Greater access to machine data means the opportunity to better understand the machine operation, provided there is enough context to enable an understanding of the data.

For example, a piece of equipment may be running hotter than usual because it is running harder, under greater load or because the ambient temperature is higher that day. Startup performance will vary based on a cold or warm start. If a machine isn’t properly instrumented for context, making sense of data will be more challenging. This also requires a loosening of alarm levels, which is the early warning system to machine failures.

A common backbone enables the introduction of more sensors. These sensors might be unrelated to the machine’s operation, but they are critical to understanding the context of a machine’s operation.

3. Adding capabilities that can deliver a competitive advantage.

As a machine user, competitive advantage is making the product as efficiently and of the highest quality as possible. A smarter machine will certainly help. As a machine builder, what is the competitive advantage? In an Industry 4.0 world, competitive advantage may well be in the machine analytics the user can provide.

Users should also ask many questions for better insights such as:

  • Is maintenance is being scheduled based on operations or a scheduled timespan?

  • Are you able to view similar machines and identify which will provide the best rate of return and schedule appropriately?

  • Are you able to connect remotely and have access to enough data and context, to properly troubleshoot a machine and eliminate the need for travel and coordinated visits?

  • Can you add sensors to unlock a greater understanding to the operation of your machine, when needed?

  • Are you delivering digital twin analytics, modeling machine operations and dynamically adjusting alarm levels based on the current context of operation?

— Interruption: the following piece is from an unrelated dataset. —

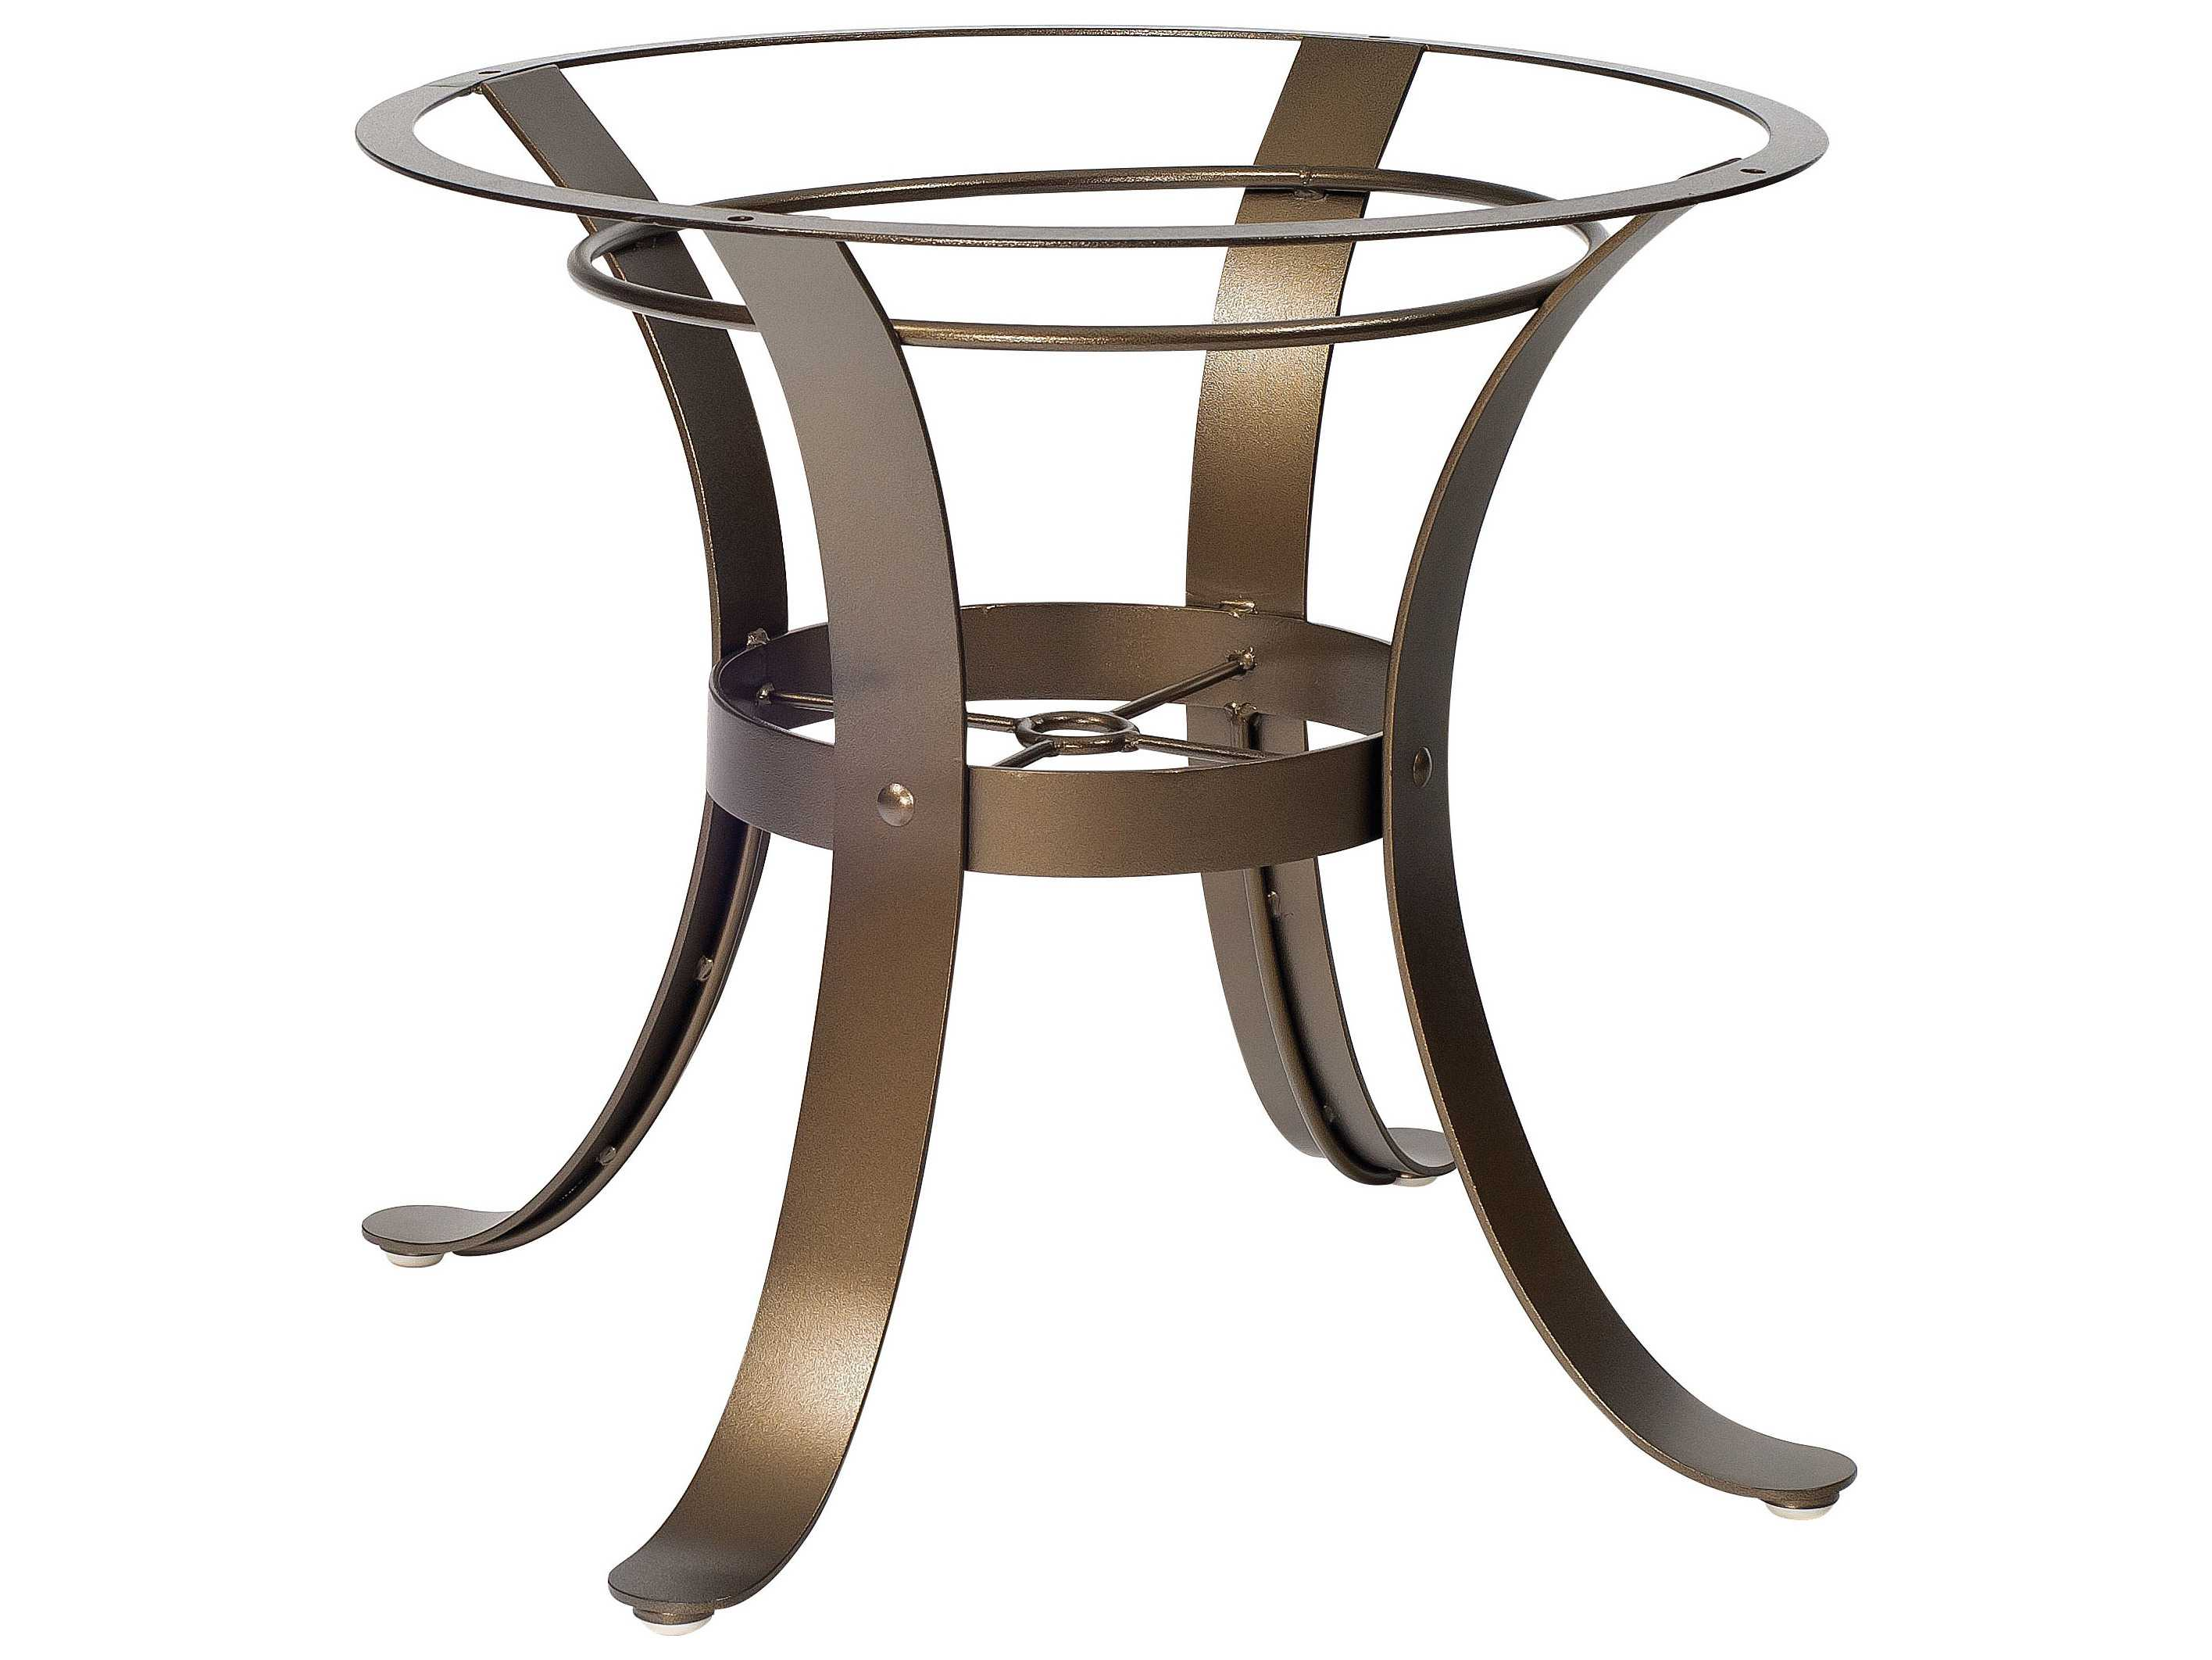 Woodard Cascade Wrought Iron Dining Table Base

Industry 4.0 technologies are unleashing waves of innovation that will increase performance, improve quality and reduce costs. With new technology such as Ethernet TSN, machines will shift from their original designed for purpose delivery to those that can offer quantified performance, quality and cost metrics. This will improve over time, based on original equipment manufacturer (OEM) analytics and feedback.

TSN market opportunities

TSN is recognized across different sectors as the future of industrial Ethernet and industrial communications. Technology companies have delivered silicon and firmware to enable the development of new TSN-based devices and infrastructure components. Leading automation suppliers have already adopted those new components into their automation equipment offerings, including PLCs, input/output and motion controls.

Proof of concepts have been on display for several years now at trade shows around the world, demonstrating new levels of motion control determinism that leads to higher quality products. Users can now combine video and deterministic control communications on the same wire.

This technology trend offers potential opportunities for machine designers and builders. By selecting state-of-the-art products with TSN capabilities, machine designers can increase their market coverage and gain a competitive advantage.

To tap into this market, machine designers are selecting products from leading suppliers to produce TSN-based solutions. Thanks to software and straightforward hardware modifications, it is often possible to update existing industrial controls to support next-level capabilities.

To enable future-proof industrial communications and next-level performance, machine designers and builders should think outside the box and embrace this new technology, ahead of their competition, to achieve a clear and measurable competitive edge. They need to act now to deliver TSN-compatible products or upgrade existing machines with TSN capabilities. By doing so, they can help their customers to create factories of the future while enhancing their own competitiveness in a fast-growing market.


Author Bio: Thomas Burke is global strategic adviser for CC-Link Partner Association (CLPA). He is the founder of the OPC Foundation and spent much of his career developing software, hardware and firmware for industrial automation, including at Rockwell Automation. CC-Link Partner Association (CLPA) is a CFE Media and Technology content partner.